On this CD Kymatik addresses a problem which has plagued civilizations since the dawn of time: just how does one translate a two-dimensional object into sound? Does one follow a painting left to right, like writen text? Jump from section to section, like a viewer might do when first exposed to the picture? Put a microphone behind it and record people's snide comments? Ilhan Mimaroglu knows how he wouldn't do it, as he states on 'Wings of the Delirious demon' "...have [I] been taking measurements on a painting and converting to musical qualities?
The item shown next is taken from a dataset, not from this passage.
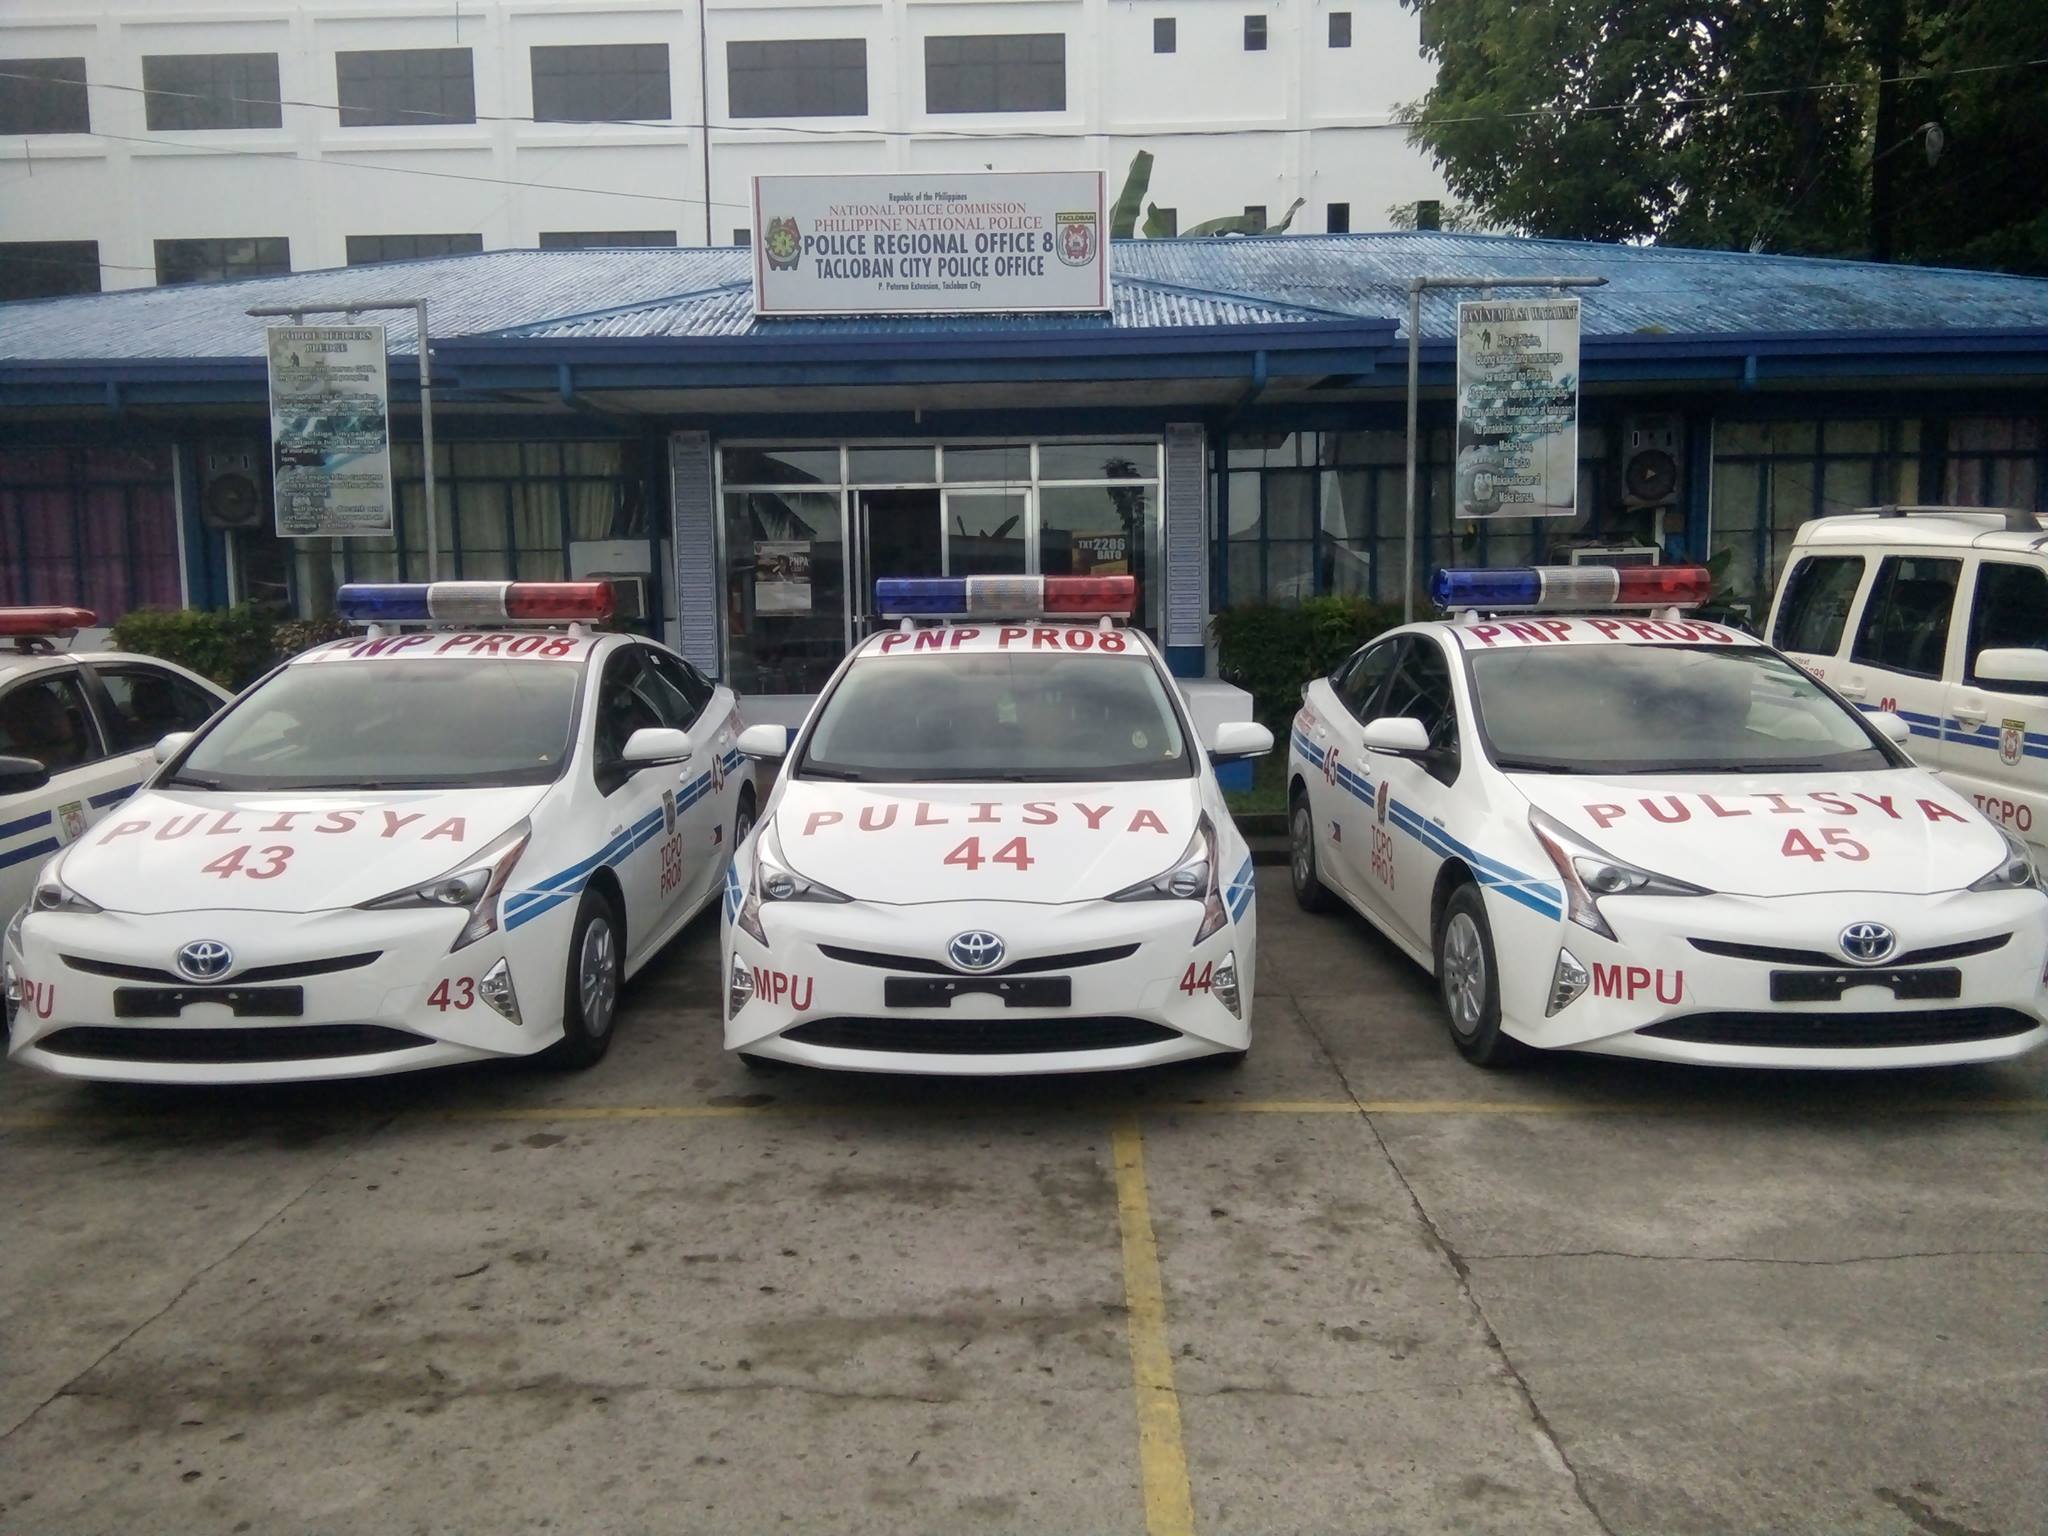 PNP_Toyota_Prius_of_Tacloban_City_Police_Office.jpg

Negative."As if to herald the end of the romantic era of electronic music, and to embrace the re-emergence of a new classical austerity, Kymatik feels rather differently on the issue, at least concerning 'Excerpt from Kandinsky's 'Im Blau'': "This is a transposition of the painting using RGB values to feed the frequency output." The removal of the composer's hand from music is fine goal - more composers' hands should be removed - although what emerges from the undoubtedly elaborate technological system is seven and a half minutes of a computer-generated A# (slightly flat) with discretely-stepped fluctuations floating around it. The approach ingratiates this piece with the majority of the album, especially 'Tisedni', constructed, it is claimed, solely from the sound of a spin dryer (although I damn wellrecognize the distressing thud of cerebral fluids and the hyper creaking of fingers after a particularly hard night of bingo - UK composers out of my body!), and 'Lorenz Attractor', a twenty-three minute "investigation into complex tones in motion." These slowly Dopplered notes of a molasses organ, coming from a lackadaisical merry-go-round in January will benifit as the sole object of an hour's worth of subconsious attension, as we are told to expect on Dar-As-Suhl Volume Two. The only droneless nirvana reached here is the opening song 'Dentists for Mice', with the phrases of announces slipping collaged linoleum floors as they leave the safety of the television speakers, and wooden spirals nimbly twisting about each other to form a splinter-ridden playset that attracts children again and again.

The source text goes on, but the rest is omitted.